Droit aux informations
Lors de la procédure de médiation déjà, le Préposé fédéral à la protection des données et à transparence (PFPDT) avait plaidé en faveur de l’accès à la statistique des fournisseurs: une anonymisation n’est pas compatible avec le droit en vigueur sur les marchés publics, écrivait-il dans sa recommandation.

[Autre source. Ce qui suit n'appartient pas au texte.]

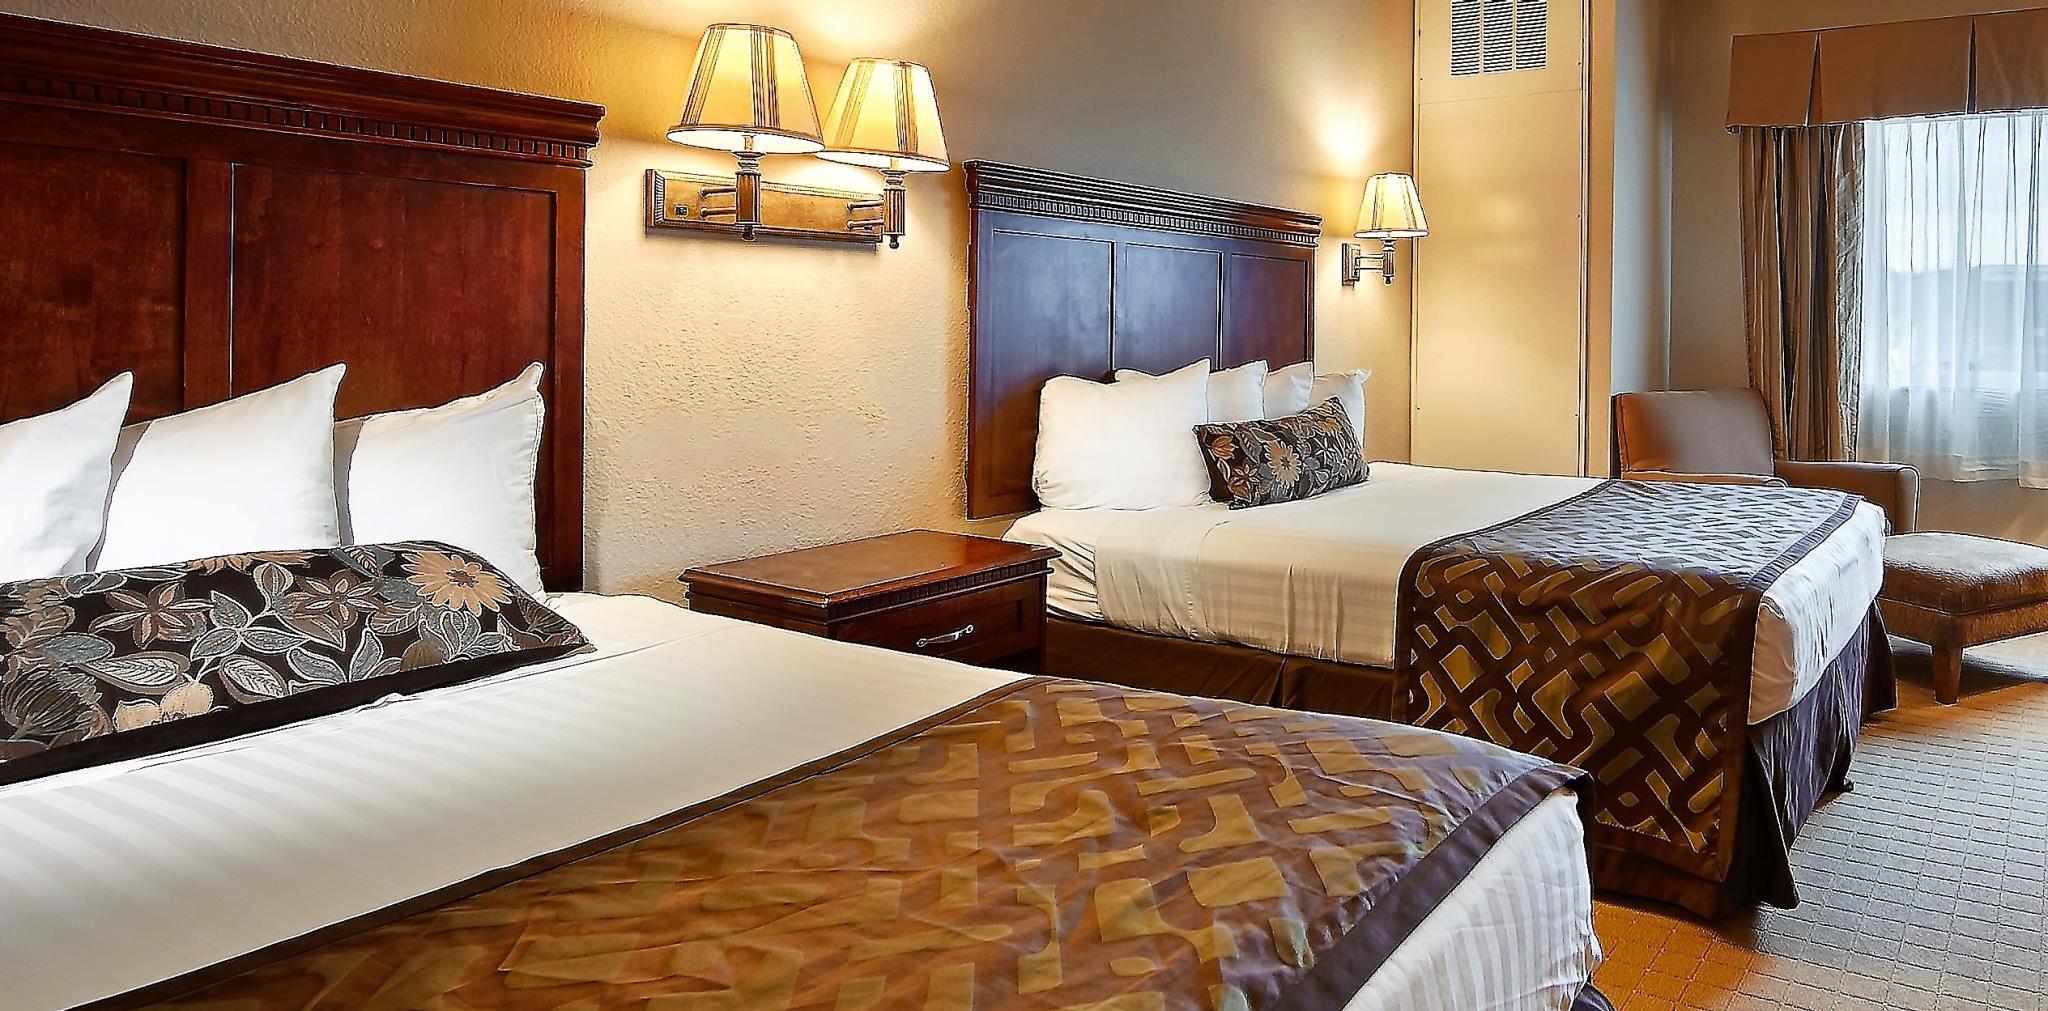 Timber Creek Inn & Suites, Kendall

Après que le « Tages-Anzeiger » eut mis au jour un scandale de probable corruption dans les contrats informatiques du Département de l’économie de Johann Schneider-Ammann, le Préposé Hanspeter Thür, parti à fin novembre 2015, avait publiquement critiqué le Conseil fédéral pour son manque de transparence dans les achats : «Quand l’argent de l’Etat est dépensé, le public a le droit de savoir qui en bénéficie », disait-il.
Le Tribunal fédéral a maintenant largement suivi ce point de vue.
Martin Stoll est directeur de Loitransparence.ch et journaliste à la «SonntagsZeitung». Il a porté ce cas devant le Tribunal fédéral avec Titus Plattner, journaliste à la cellule enquête commune au «Matin Dimanche» et à la «SonntagsZeitung».